The present invetion combines advances in lithography and electromagnetic grating theory to produce highly efficient diffractive optical elements on planar dielectric or metallic substrates. The present invention includes the production of highly efficient (greater than 90%) and high quality (with precisions near .lambda./100) diffractive optical elements on planar dielectric or metallic substrates, using very large scale integration (VLSI) techniques which are currently used in the fabrication of integrated circuits (IC).
Diffractive optical elements have developed to the stage of becoming practical components of optical systems. These elements can not only replace conventional refractive and reflective elements but also, in many case, perform functions not even possible with conventional elements. Elements have been made to operate as CO.sub.2 laser beam shapers, laser beam multiplexers, and two-dimensional scanners, all uniquely suited to their application.
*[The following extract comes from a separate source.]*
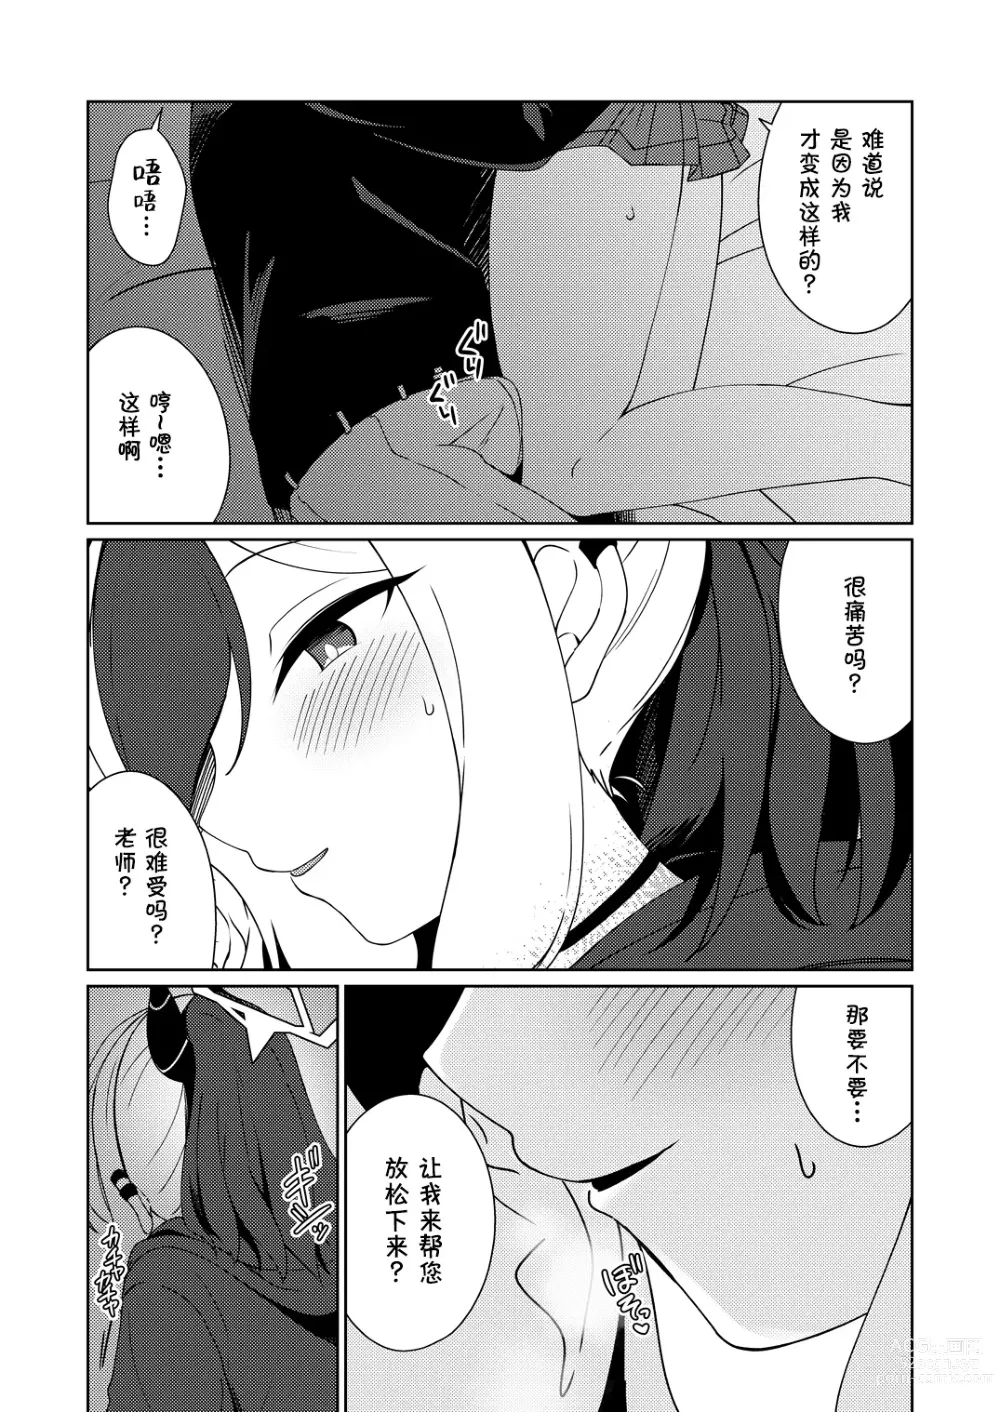 Page 9 of doujinshi 雨夜に蕩ける心拍音

A number of independent developments (one in EM-optics theory, another in pattern lithography and a third in large scale dry reactive ion-etching techniques), have made it feasible to generate binary holographic gratings with blaze-like characteristics and near perfect efficiency.
Electromagnetic theory predicts that binary gratings with the proper parameters can achieve a first order diffraction efficiency of nearly 100% over wide wavelength bandwidths and field-of-views. If the periodicity of the grating is on the order of or smaller than the radiation wavelength, all of the orders become evanescent except for the zero and +1st orders. By choosing the depth to period ratio and duty cycle properly, the zero order can be suppressed as well, placing virtually all of the incident radiation into the remaining and 1st diffracted order.
The diffraction efficiency exceeds the limits set by Fourier optics because of the large .lambda./T ratio (T=grating periodicity) which places the diffraction well into the EM-optics domain. Implicit in the Fourier optics assumptions are the Huygens' and Kirchoff's assumptions of scalar diffraction theory where light propagates unperturbed to various portions of the grating surface, then is specularly reflected, constructively or destructively interferes, and imposes the desired phase and amplitude modulation on the reflected wavefront. When the grating periodicity approaches the wavelength of the illumination, the concept, of these specular reflections no longer has any meaning. On these binary gratings operating in the EM dimension gratings all diffraction orders, except the plus-first an zeroth orders, can be made to disappear by diffraction into the substrate material. These suppressed or evanescent orders then will redistribute most of their energy into the remaining radiative order. Therefore, like conventionally ruled echelle-type gratings, where unwanted orders are suppressed by the asymmetry in the grating profile, these gratings behave in a blaze-like (single diffraction order) manner. The sole asymmetry in the use of these binary gratings is in their off-axis illumination. These gratings with their two-level (binary) laminary relief profile can be used with either transmissive or reflective substrate materials, provided the profile depth is chosen appropriately.
The large scale integration advances that allow IC fabrication techniques to be used to produce high efficiency optical elements include the high-resolution and high-accuracy lithographic pattern generation techniques such as projection printing, electron beam an X-ray writing. The improved accuracy and resolution in VLSI pattern generation and device fabrication have made it feasible to computer generate holographic masks with space-bandwidth products of 10.sup.10, or as high as 10.sup.12, half-micron linewidths and 100.ANG. line acuity.
The improvements in dry-etching techniques include ion bombardment and reactive ion etching, which the present invention uses in the production of optical elements. The great effort expanded by the integrated circuit industry has provided the capability to produce binary phase relief patterns with 0.5 .mu.m periodicities and 0.1 .mu.m accuracies over areas with 20 cm or more diameter. All of the above advances are prerequisites to using IC production techniques to fabricate highly efficient and high quality diffractive optical elements.
The present invention incorporates the developments mentioned above into the production of highly efficient diffractive optical elemntes on planar dielectric or metallic substrates. These optical elements operate in the EM domain when the grating spatial frequency (1/T) exceeds the spatial frequency of the illuminating wavefront, i.e., T.ltoreq..mu. and include infrared planar lenses and high speed scanners.
The use of high resolution computer generated lithography makes it possible to manufacture these optical elements (1) by electromagnetic diffraction theory to implement an efficient carrier relief profile, an (2) by use of conventional Fourier optics rules to place a spatial modulation on that carrier. In view of the foregoing discussion, it is apparent that the present invention includes a new method of manufacturing highly efficient diffractive holographic opitcal elements using VLSI techniques normally used in the fabrication of integrated circuits.